When I define a service like

apply Service "Ping IPv4" {
  import "generic-service"

  check_command = "ping4"
  command_endpoint = host.name

  assign where host.address && host.name == "host1"
}

then, the check is running. It looks like the service definition without command_endpoint is never executed (but it should be run on master). The problem maybe that the zone master contains the endpoint “xxxxx”, but the Endpoint for xxxx doesn’t have a host. Am I wrong?

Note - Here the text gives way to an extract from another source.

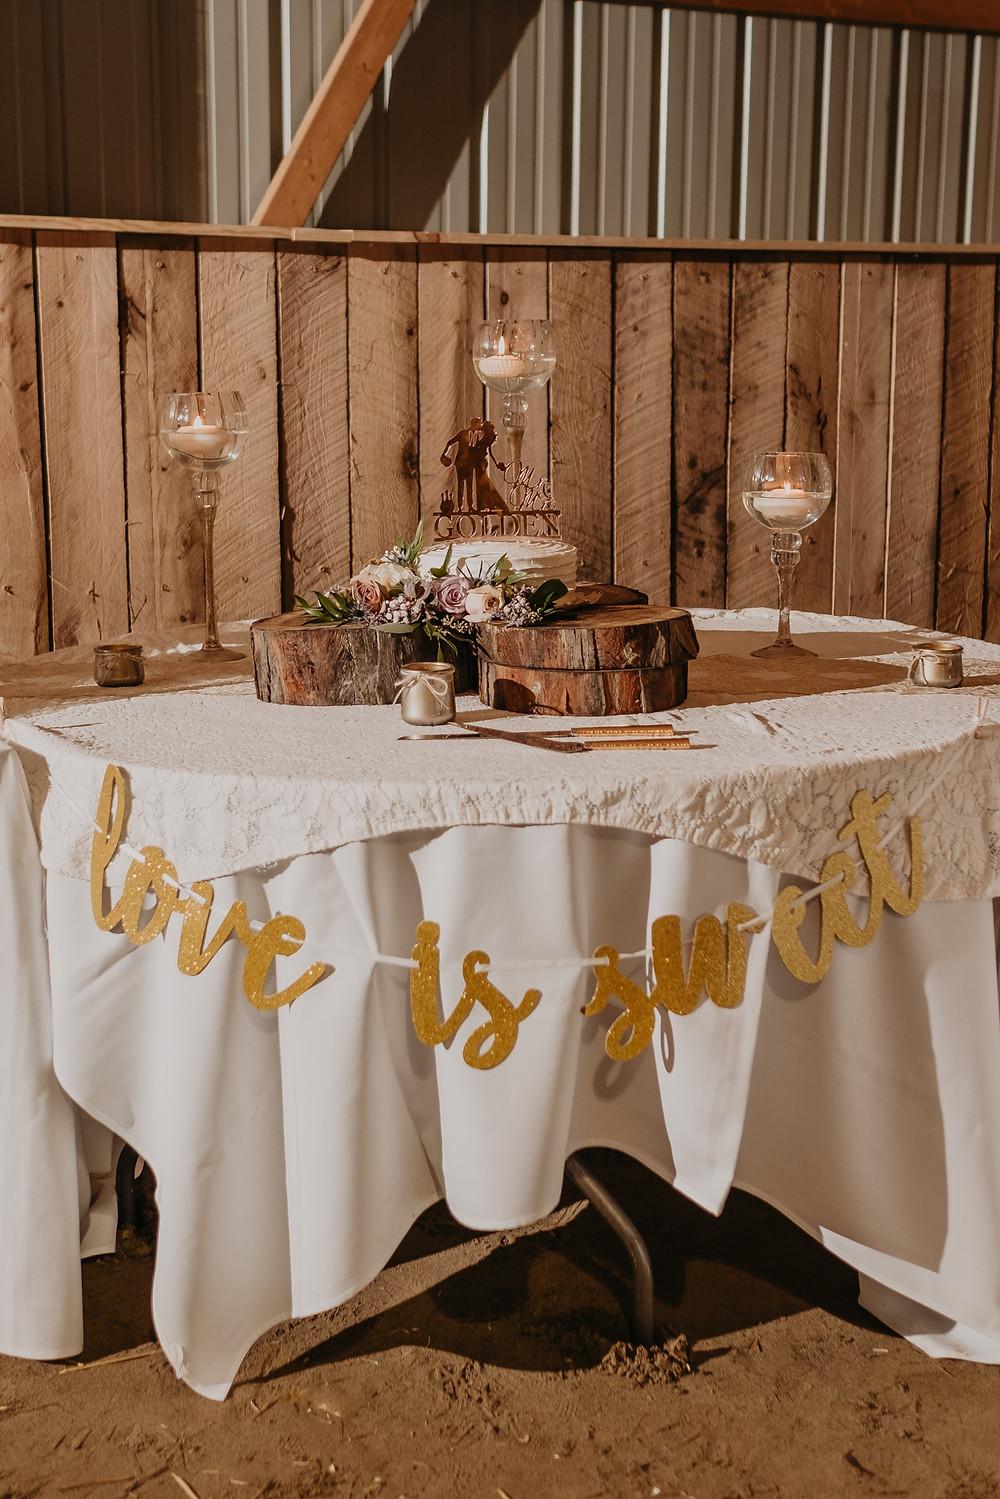 Michigan wedding cake table with barn and rustic decor

You’re using an unsupported combination of versions, details can be found here.

Did you read my comment on that? That may not be “supported”, but this can’t be the issue, because the check should be run on master ONLY. It’s not relevant, that the agent has a different version here.

The docker image was updated and all icinga instances are now on version r2.13.1-1

As written - the issue is still there. The check is executed on the master on all hosts, that are part of a zone. I’ve different hosts (without an agent) where the ping check works. This hosts are not defined in the zone.d but in conf.d.